- Born: Marion Asmus 26 October 1927 New York City, US
- Died: 1 February 1999 (aged 71) London, UK
- Education: Keele University
- Occupation: Publisher
- Known for: Founder of Marion Boyars Publishers
- Spouse(s): George Lobbenberg (divorced); Arthur Boyars
- Children: Two daughters

= Marion Boyars =

British publisher (1927–1999)

Marion Ursula Boyars, née Asmus (26 October 1927 – 1 February 1999), was a British book publisher who in 1975 founded her own imprint, Marion Boyars Publishers.

==Biography==
She was born Marion Asmus in New York, daughter of German publisher Johannes Asmus. She attended school in New York and Switzerland, living with her mother and sister, before going on to Keele University to read for a degree in politics, philosophy and economics. After graduating, she married George Lobbenberg and had two daughters. The marriage ended in divorce, and in the 1960s she married poet and translator Arthur Boyars.

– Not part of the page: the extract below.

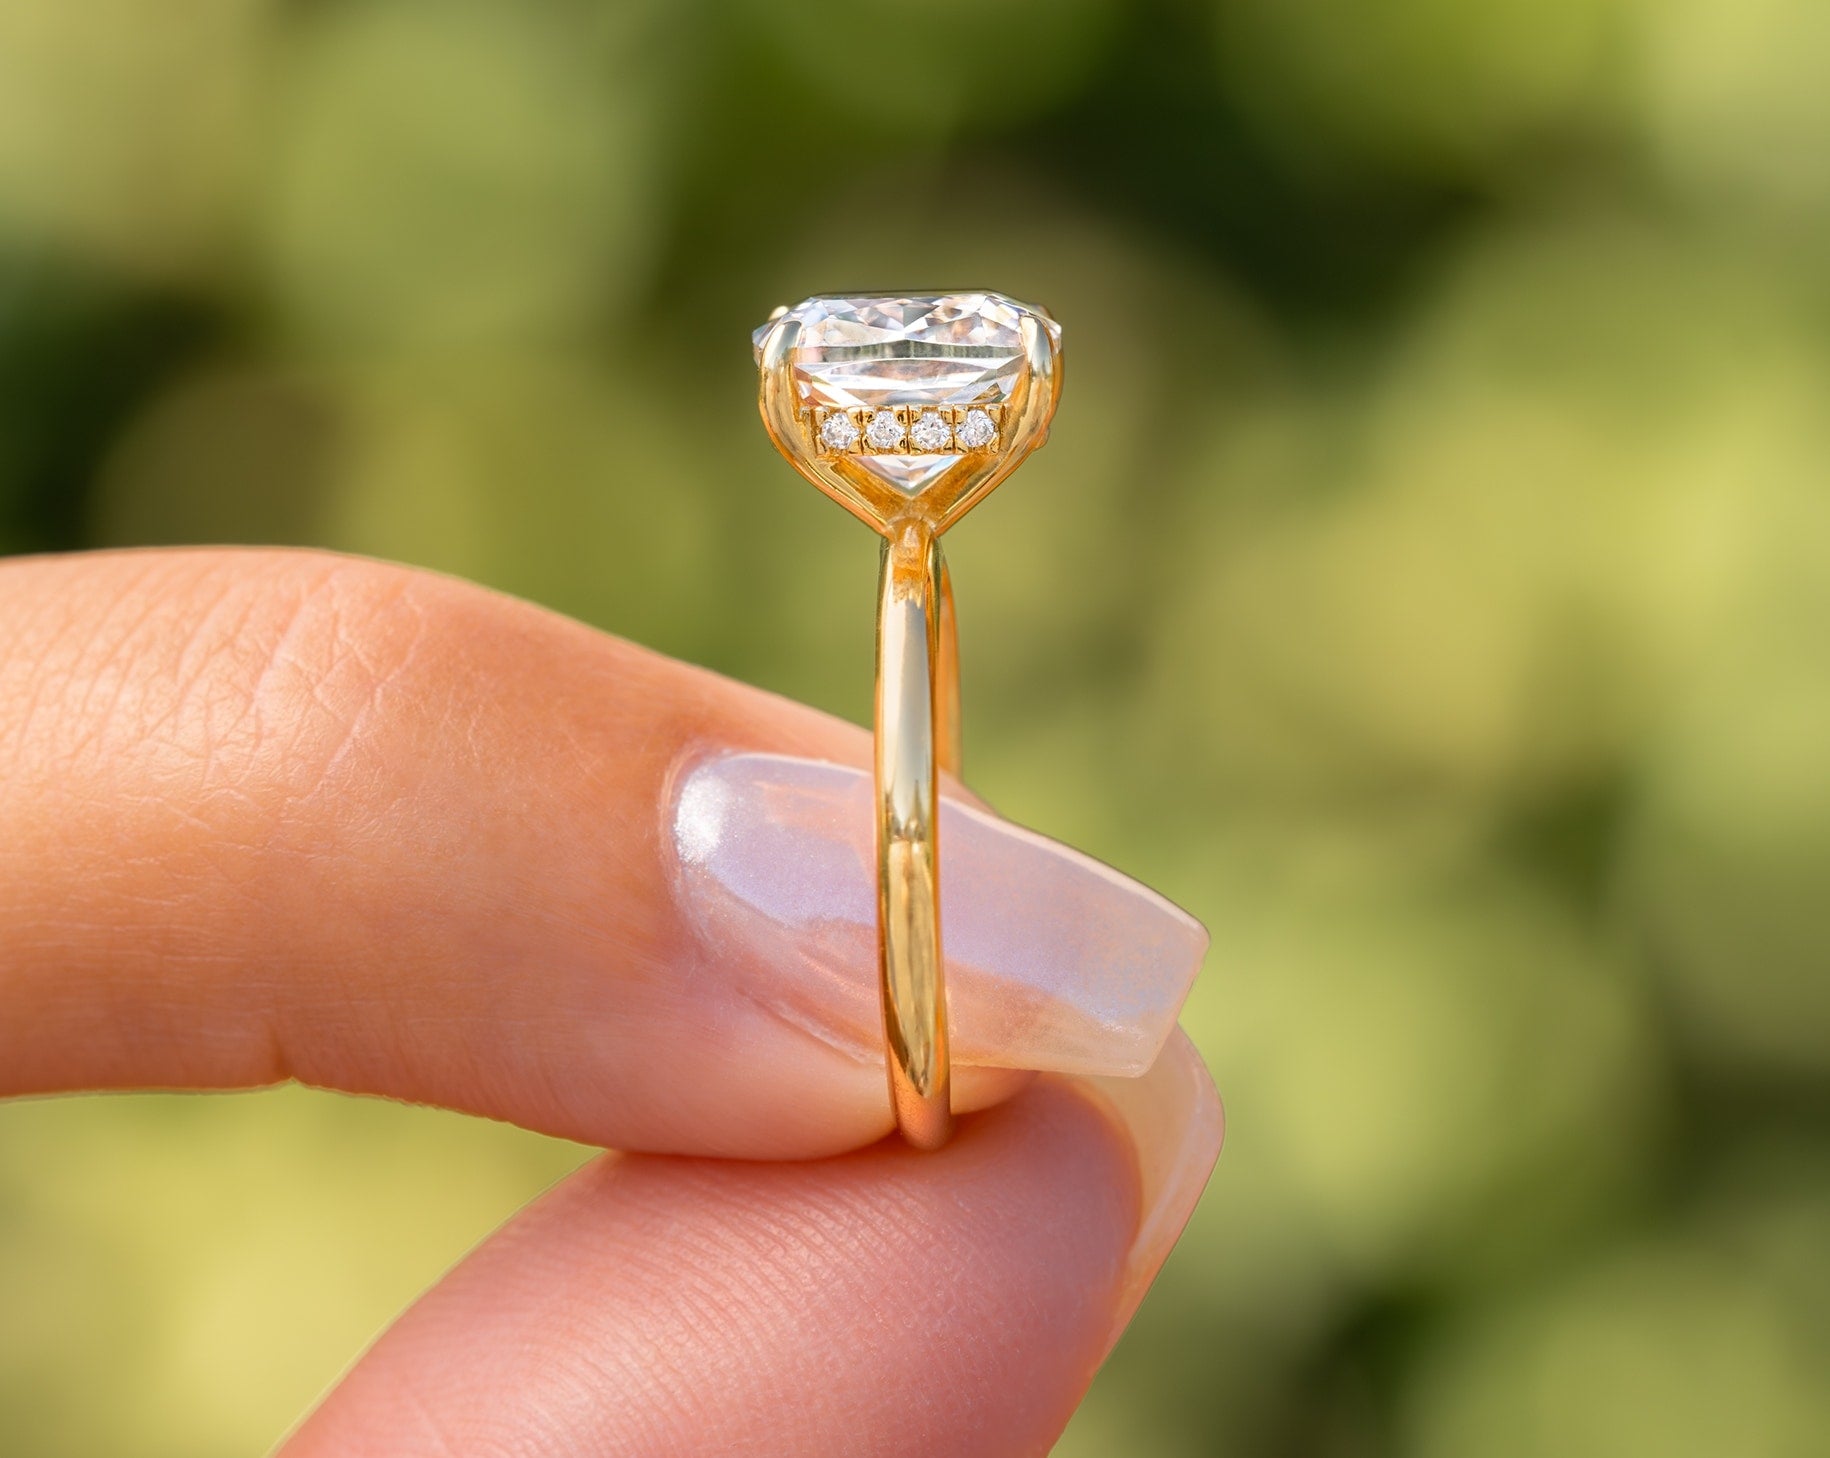 Rings - Wedding Rings for Women & Engagement Bands - Zamel's – Zamels

In 1960, she answered an advertisement in The Bookseller that led her to buy a 50 per cent stake in the small independent publishing company run by John Calder in London. The resultant publishing house, Calder and Boyars, published books by authors including Samuel Beckett, Marguerite Duras, Henry Miller, Eugene Ionesco, Peter Weiss and William S. Burroughs, until the firm split in 1975.

She then formed Marion Boyars Publishers, and working with her husband Arthur (described as her "literary guide and cheerleader") built up an eclectic list of translated fiction (including by such authors as Julio Cortázar, Latife Tekin, Vasily Shukshin and Witold Gombrowicz), as well as books on music and cinema.

She died of pancreatic cancer at her home in London in 1999, aged 71. On her death, her younger daughter Catheryn Kilgarriff took over the running of Marion Boyars Publishers.